# DATASET CONTENT:
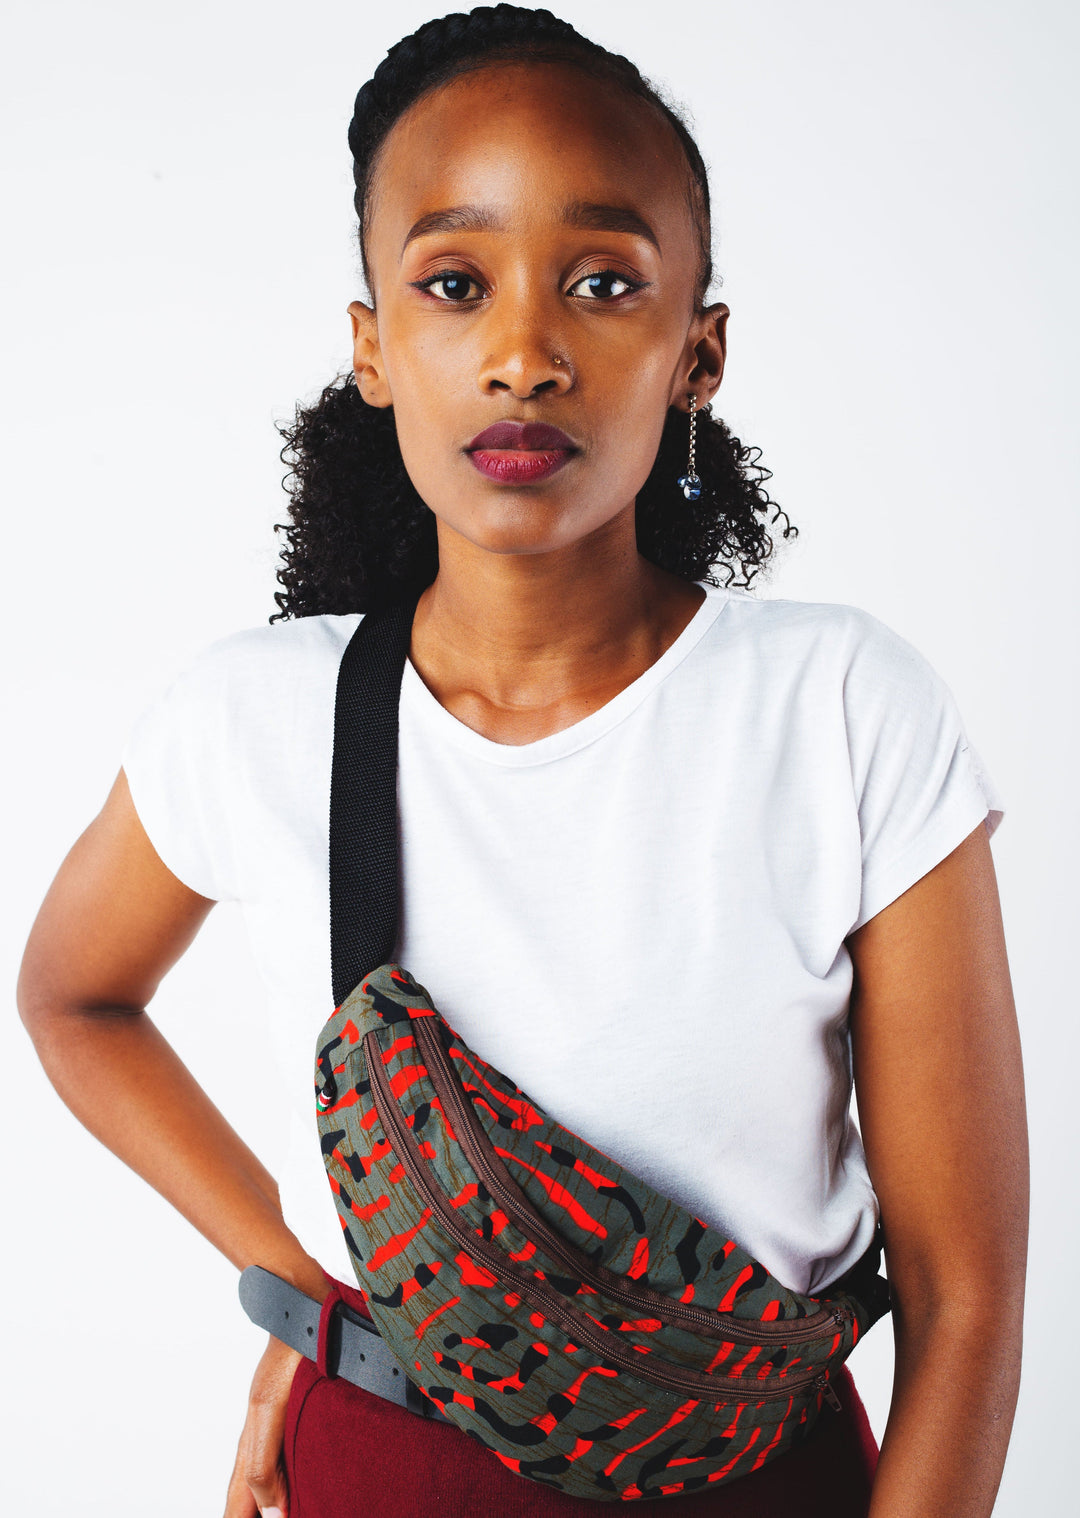 Weekender ‚Kijeshi‘ - Bunte Bauchtasche Damen, Kinder und Herren: unisex Fanny pack made in Kenya. Small and large Bumbag, Color Belt bag, Colorful hip bag, Fanny Bag, Vegan
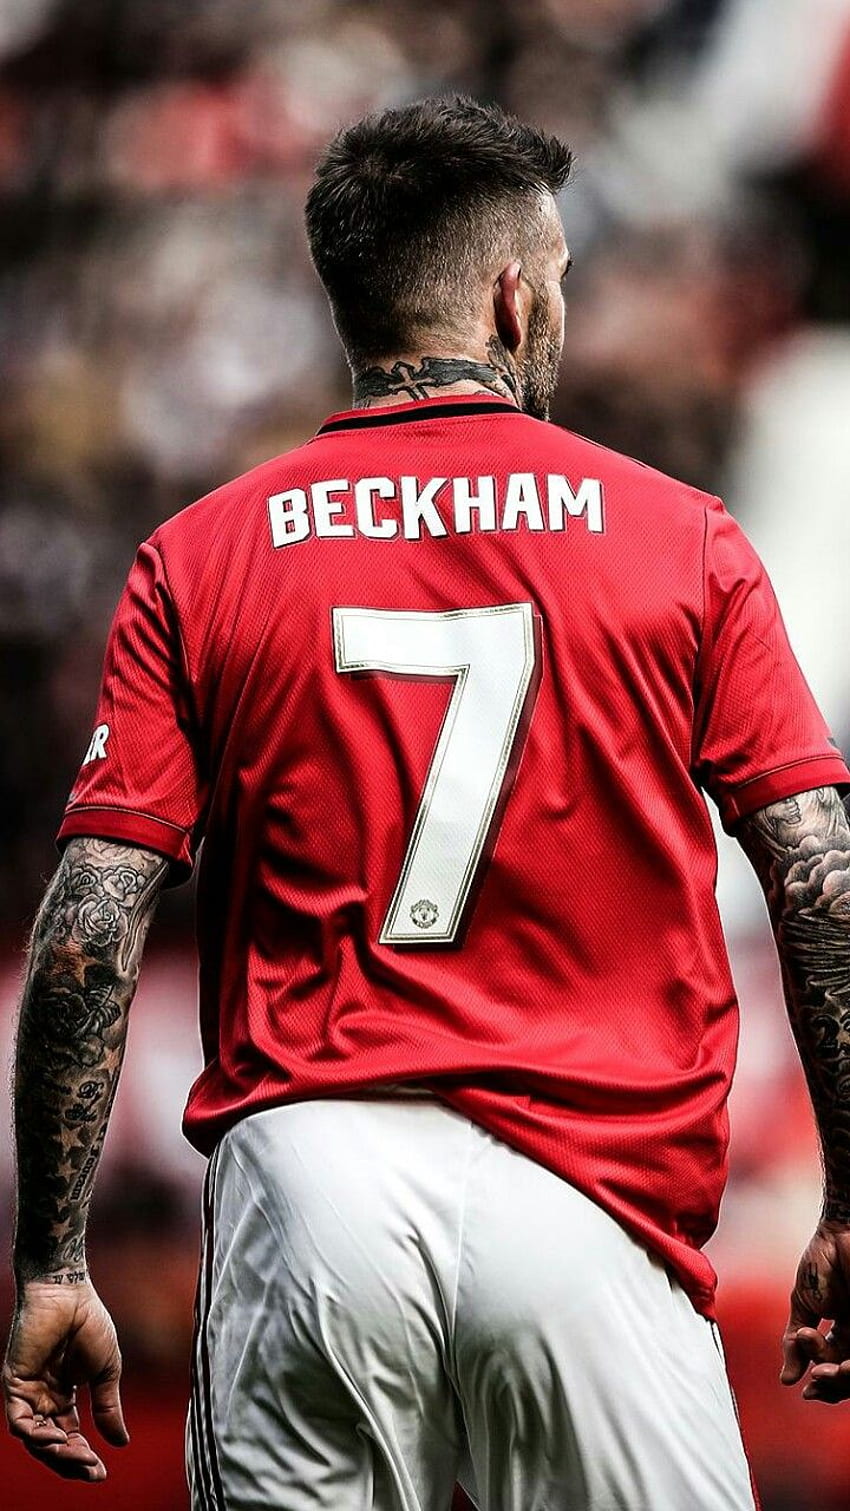 Beckham. David beckham manchester united, sepak bola David beckham, sepak bola Beckham wallpaper ponsel HD
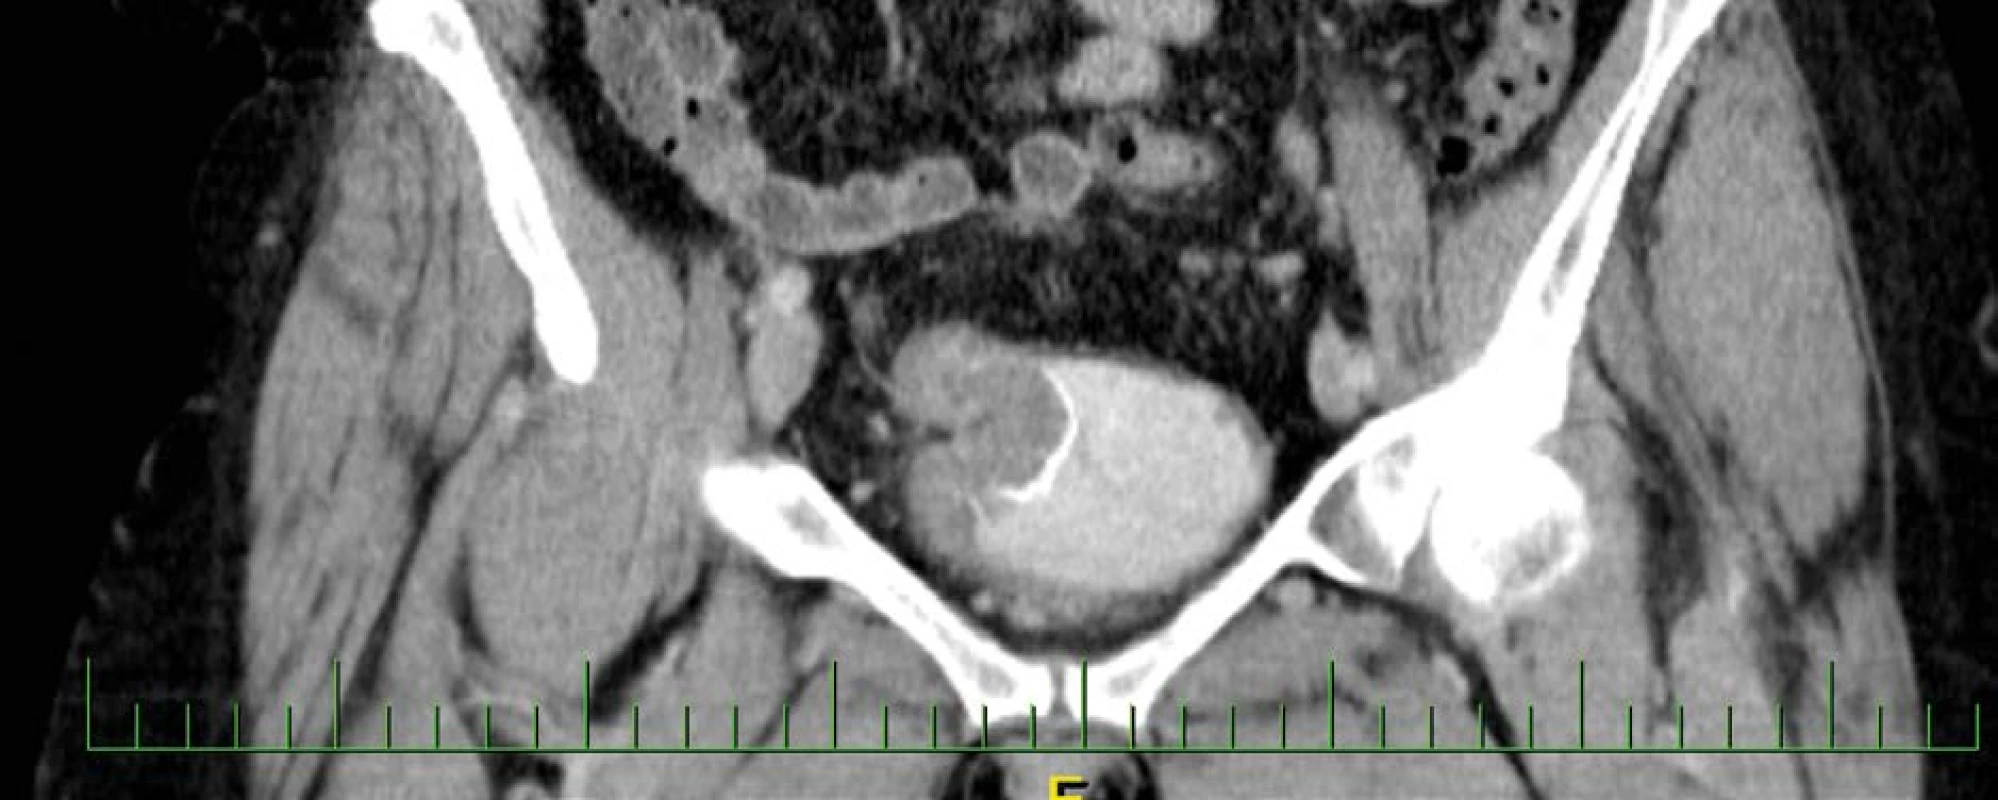 CT vyšetření zachycující intraluminální expanzi v augmentovaném močovém měchýři<br>
Fig. 2. CT examination capturing intraluminal expansion in the augmented bladder

# WHAT YOU HAVE TO DO:
Retype the data above as given, letting no picture into the copy.

# YOUR RESPONSE:
 Weekender ‚Kijeshi‘ - Bunte Bauchtasche Damen, Kinder und Herren: unisex Fanny pack made in Kenya. Small and large Bumbag, Color Belt bag, Colorful hip bag, Fanny Bag, Vegan
 Beckham. David beckham manchester united, sepak bola David beckham, sepak bola Beckham wallpaper ponsel HD
 CT vyšetření zachycující intraluminální expanzi v augmentovaném močovém měchýři<br>
Fig. 2. CT examination capturing intraluminal expansion in the augmented bladder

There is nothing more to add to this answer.